Auszug: „Er erzählte mir, dass es zur schmerzlichen Realität für ihn gehört, zu wissen, dass er niemals in der Lage sein wird, es (das World Trade Center, A.d.R.) seinen Kindern zu zeigen. Weil es für ihn die Grandiosität und den Glanz der Stadt selbst symbolisierte.“
I am going home today, to Boston. I really shouldn't be doing it; I am so busy with school, I can hardly afford to take the time off from my studies. But I don't care, I need to go.
It's only been a couple of weeks since the World Trade Center attack, but it feels like it's been years, as if the disaster played with the elasticity of time, stretching it like a rubber band, as far as it can go before it snaps.
I am missing three classes to go home, and I feel badly about that; it just isn't like me to allow myself these concessions. But I need to see my family. And somehow I think I need to see the city I call home, need to make sure its skyline still stands as I left it: The Prudential Building, the Hancock tower -- which hold so many memories for me -- and a brand new building, the name of which I do not know.
The sadness of the World Trade Center is magnified by those who have lived here all their lives. The military guy I spoke of in a previous entry grew up in New York City, and was born after the building's construction. He told me that one of the most painful realities for him is knowing that he will never be able to show it to his children, because for him it symbolized the grandiosity and splendor of the city itself.

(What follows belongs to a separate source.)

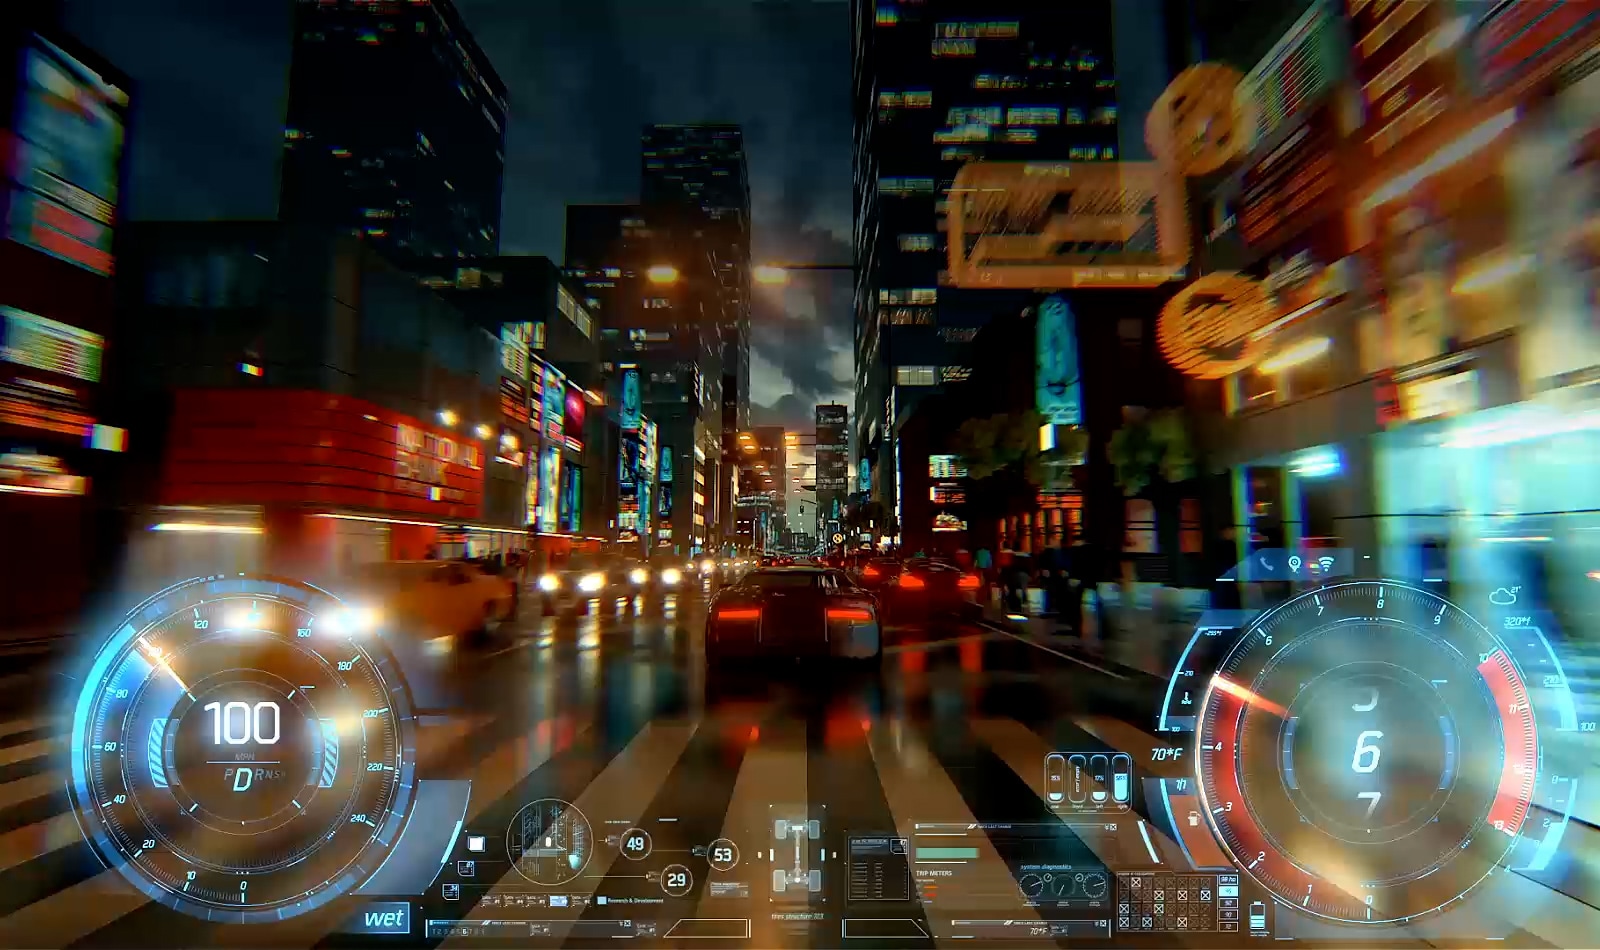 فيديو يتابع سيارة من الخلف في لعبة فيديو وهي تتحرك عبر شارع بأضواء براقة في المدينة وقت الغسق.

For him it was an anchor, and a beacon. In his drunken, crazy 20s, he and friends would stumble out of a bar early in the morning and need only find the towers to know where South was; as he approached 30, a few friends held wedding dinners there, at the restaurant, at the very top.
6000 people dead, and a lifetime of memories stolen from the countless living. I have a memory of the World Trade Center, too. But I wish I could forget it.